Аудитор сцепил на животе пальцы, откинулся.
– Я сразу расставлю точки над «i», – обрадовал он меня. – Аудитор – это я так, пользуясь случаем, заодно. Раз уж пришел, не грех и нос, куда не нужно, сунуть. Истинная цель моего визита иная, я приехал взглянуть на прототип. Я имею в виду уважаемого Дмитрия Никитича. Моя фамилия – Райце-Рох. Я профессор.
– Очень рад, – ответил я и машинально назвался.
– Вижу, что она вам ни о чем не говорит, – продолжил аудитор. – Да, жизнь моя сложилась так, что я часто остаюсь за кадром. А руку тем не менее приложил ко многому – с тех пор, как сделался своеобразным вечным скитальцем. Когда-то давным-давно я ставил эксперимент, надеясь докопаться до корней солипсизма – и угодил в ловушку. Превратился в плод больного воображения… С тех пор объявляюсь то тут, то там – ну, вам это вряд ли интересно. Тому, однако, лунатику, оказалось не под силу истребить во мне любовь к науке. И вот, объявившись в ваших краях, я занялся генетикой, результатом чего явилось великое открытие. Ничего удивительного в этом нет, я всегда делаю великие открытия. Мне повезло обнаружить глубоко запрятанный ген, доставшийся человеку, скорее всего, от рептилий. Этот ген программирует линьку.

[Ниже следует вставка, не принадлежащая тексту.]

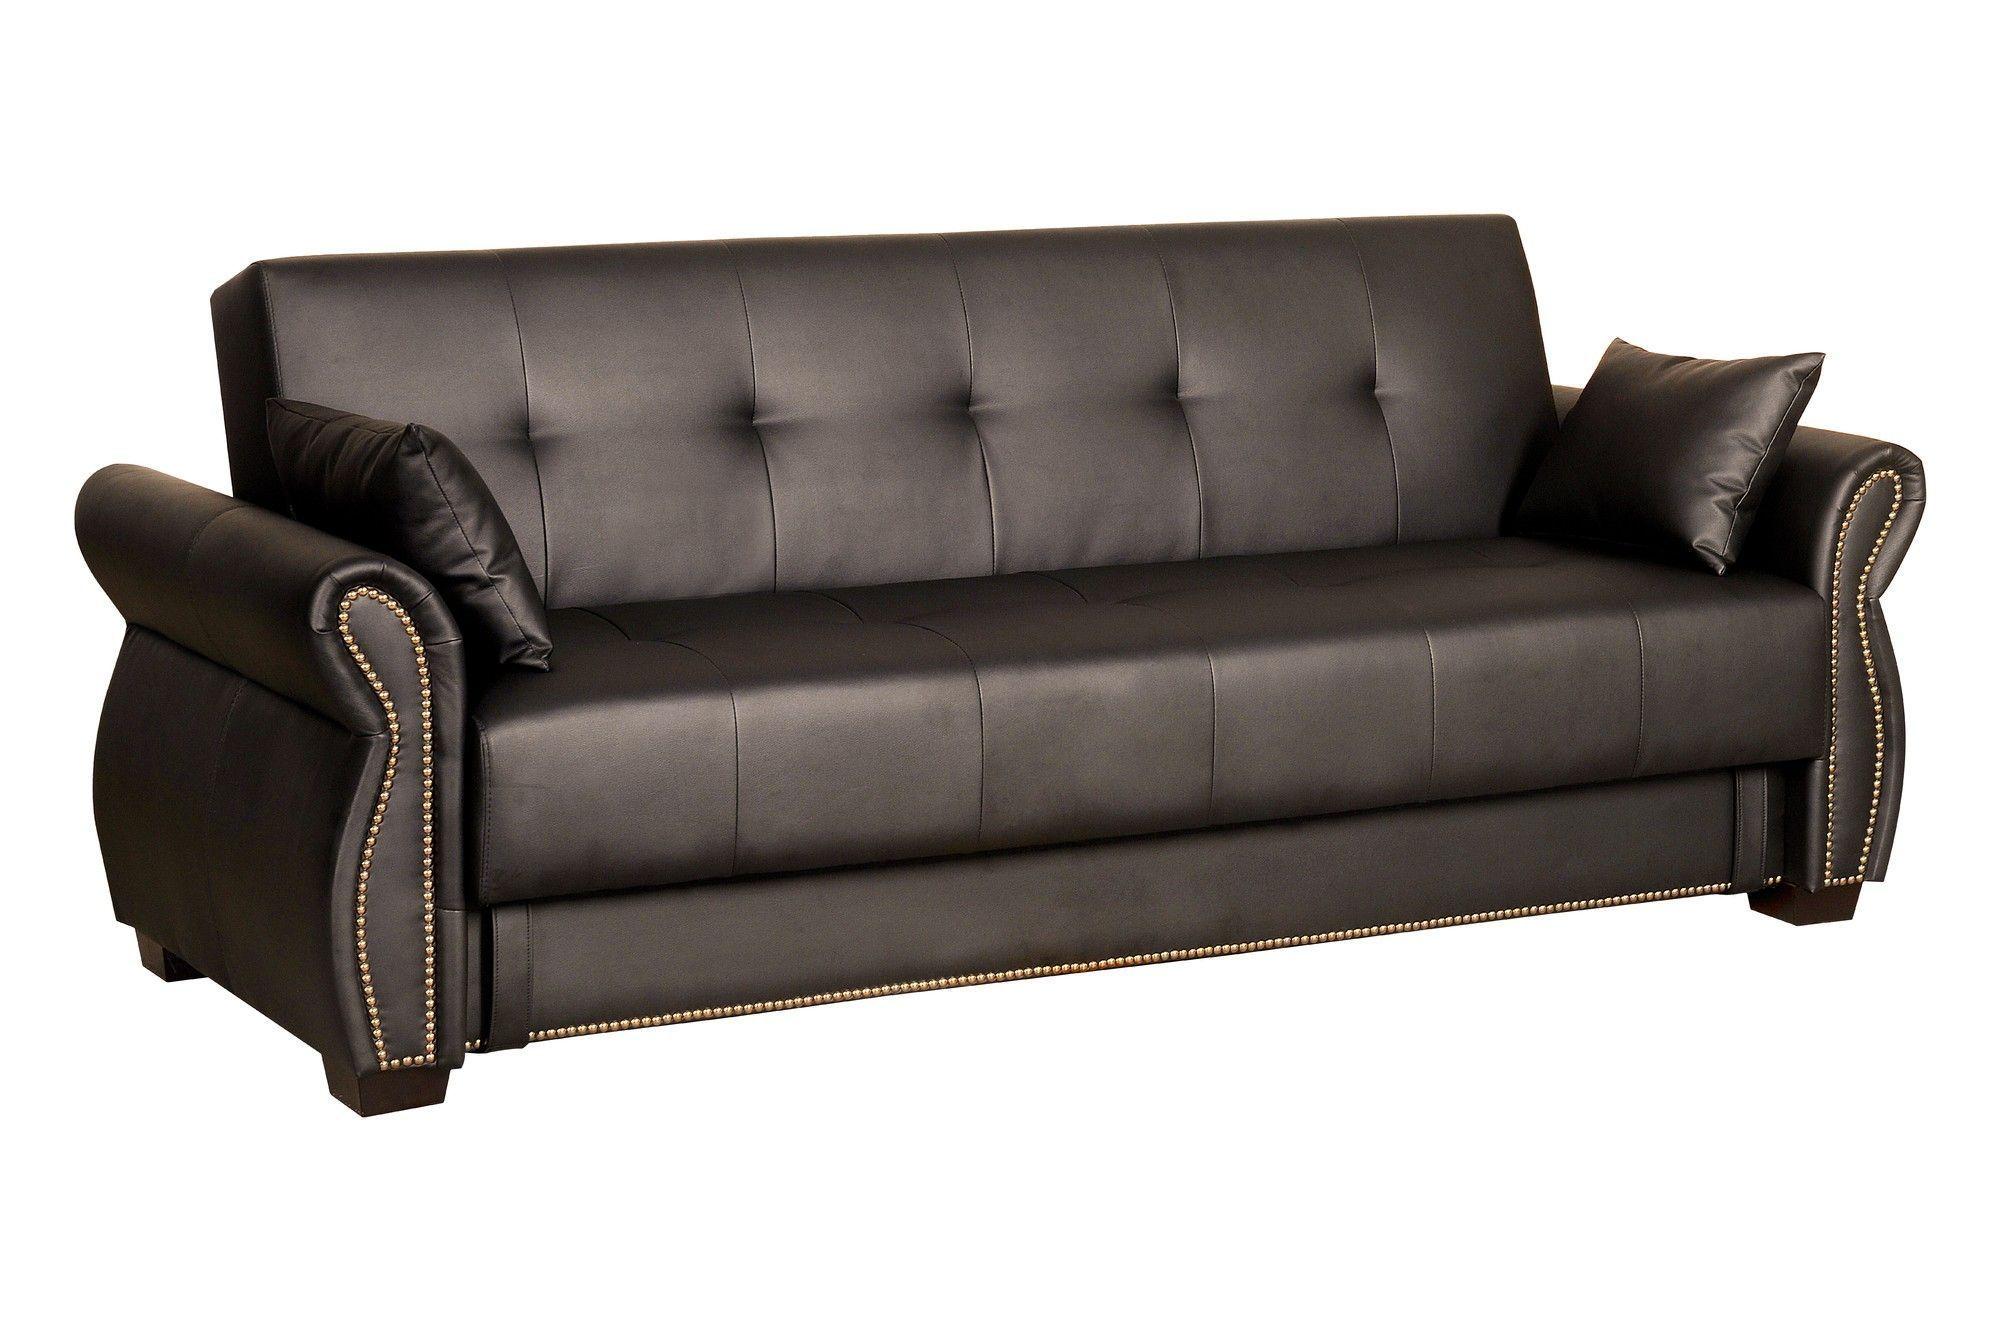 Serta Dream Avanzo Convertible Sofa CheapMemoryFoam Cheap Memory

Райце-Рох торжествующе замолчал в ожидании похвалы. Я человек понятливый, схватываю на лету. Мне дважды объяснять не нужно.
– Вы утверждаете, что все эти люди полиняли? – спросил я осторожно.
– Как один! – радостно воскликнул профессор. – Выделив ген, я, как вы догадываетесь, немедленно приступил к поискам активатора. Мне очень хотелось проверить, что получится, если этот ген активизировать. Естественно, я быстро добился успеха, нанял вертолет и распылил аэрозоль над городом. Теперь мы видим, к чему это привело.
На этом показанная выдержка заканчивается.